# Sorting algorithms

Today's recommendation from ChatGPT was "Algorithms"–yup, just that, in one day, master all algorithms 🤣. But as reality set in, I wanted to narrow down to some algorithms I'm familiar with and try to see if I can dig into them past the high level understanding. I chose sorting algorithms specifically because it gives me a constraint. Searching algorithms could be a whole college course of their own so I'm not gonna get into those today.

# Common sorting algorithms

At this point, I'm writing from the top of my head, all things I'm familiar with and then I'll go deeper into what things I don't understand or don't know about.

The few basic sorting algorithms are: selection sort, insertion sort, and bubble sort. Then there's slightly faster algorithms like merge sort.

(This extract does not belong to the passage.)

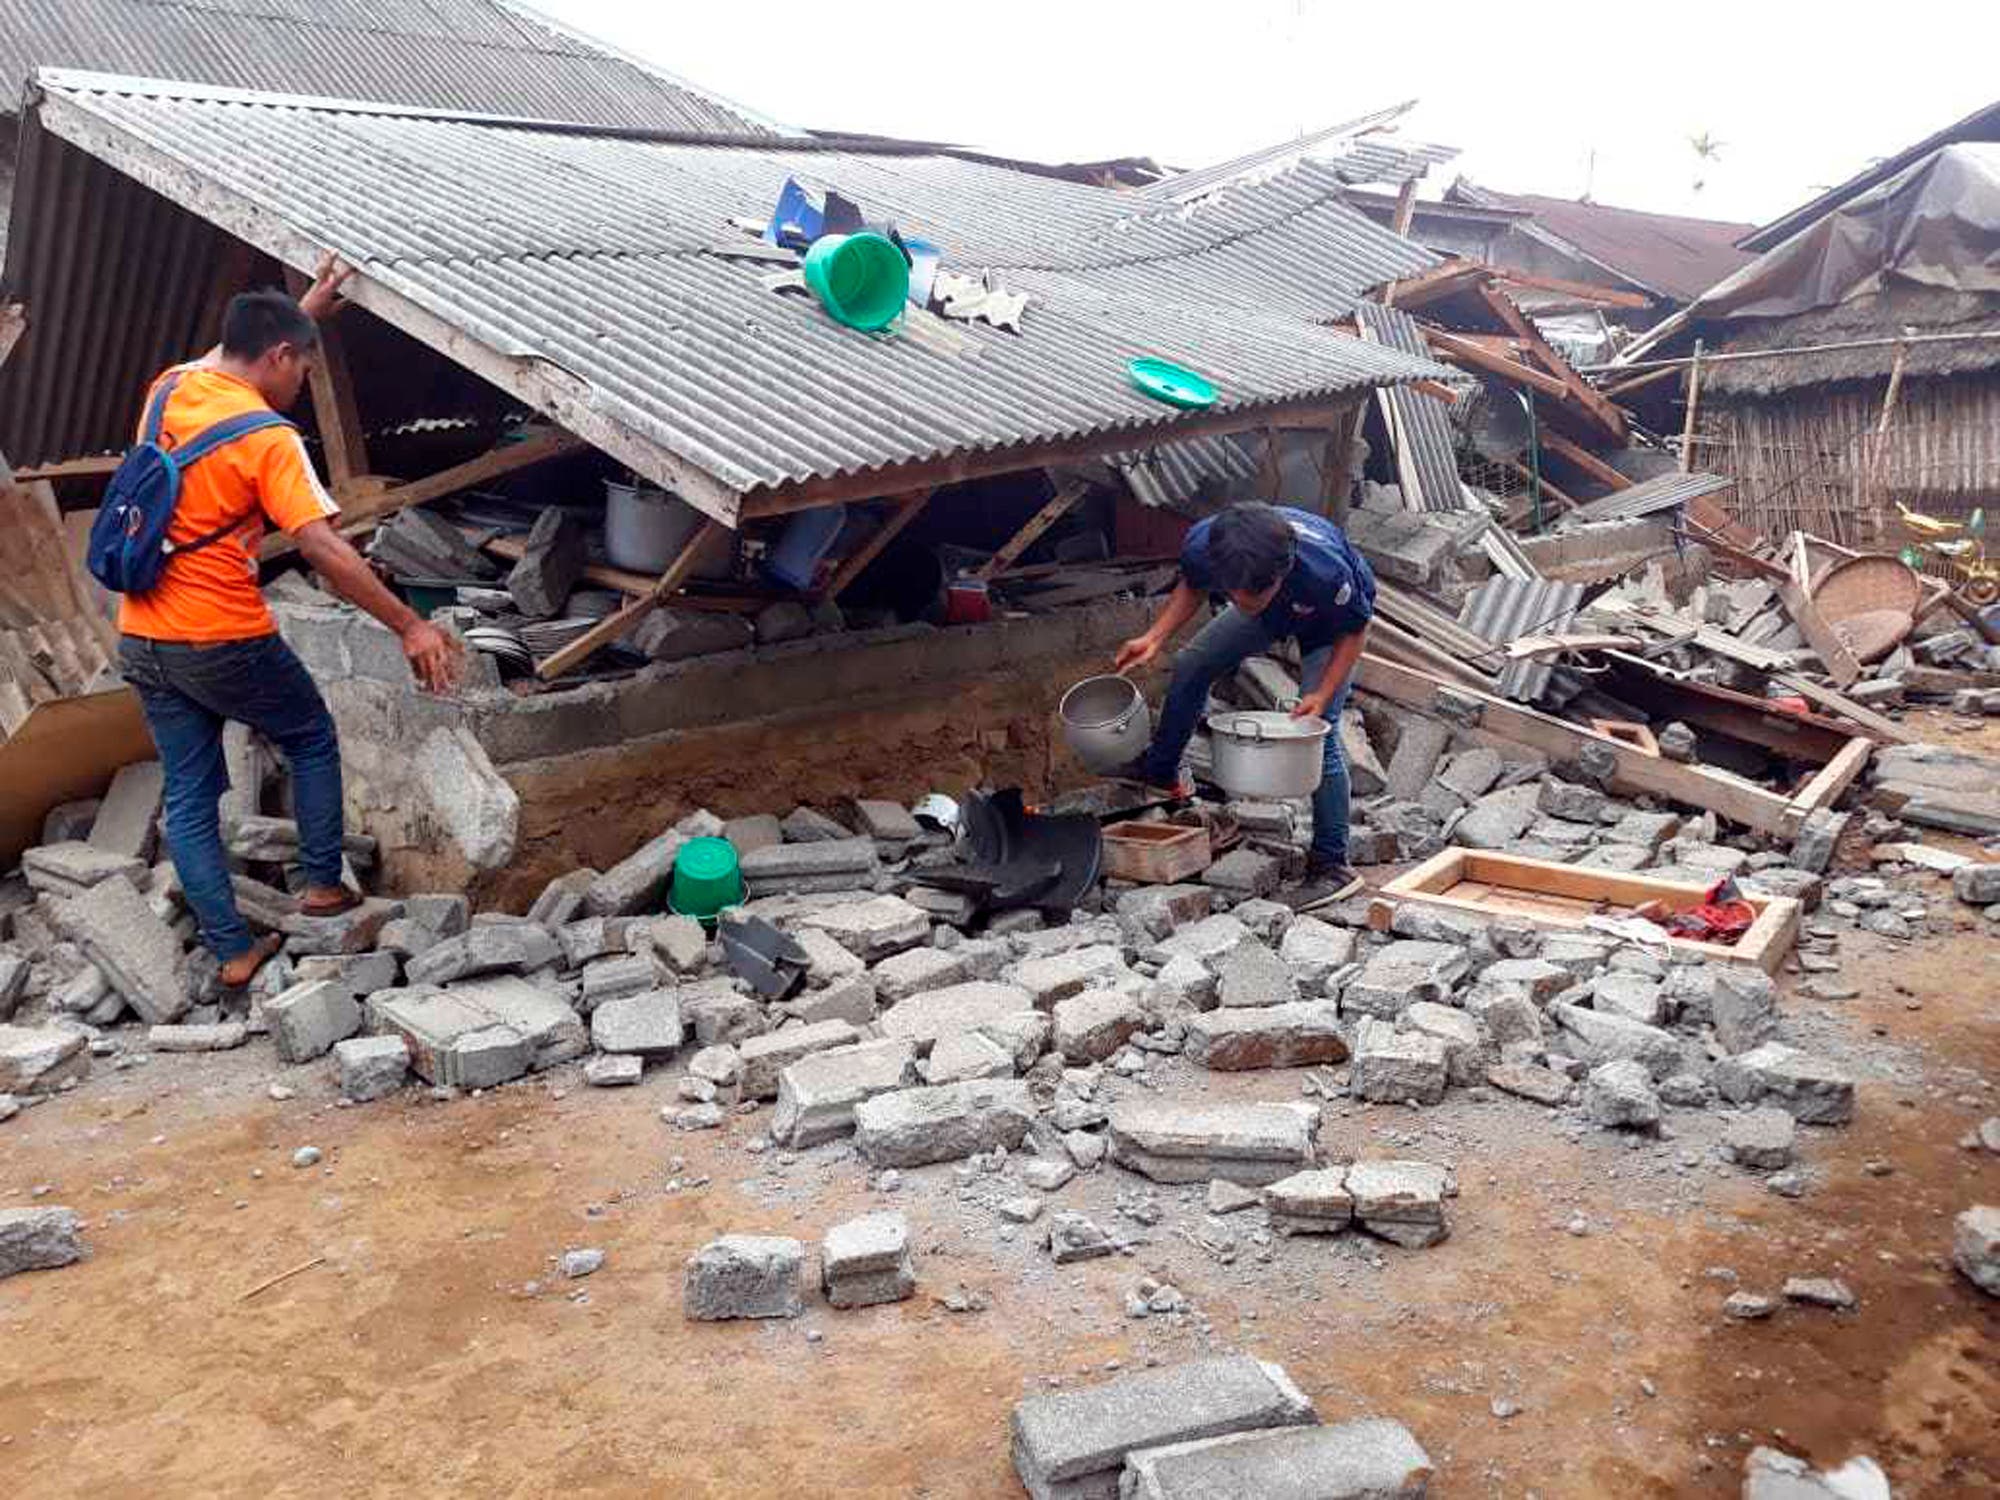 Residentes limpian los escombros dejados por un sismo que remeciÃ³ la localidad de Sajang, en Sembalun, Lombok Oriental, Indonesia, el 30 de julio de 2018. (AP Foto)

Selection sort selects the smallest element and moves it to the beginning of the list. From my understanding, the big-O of insertion sort is always going to be N-1 because it has to check and compare.

Insertion sort picks an element and moves it if the next element is smaller, the picked element is moved until it's not smaller than the next element it's checking. But...this is kinda where my understanding of insertion sort stops. I should look into it more.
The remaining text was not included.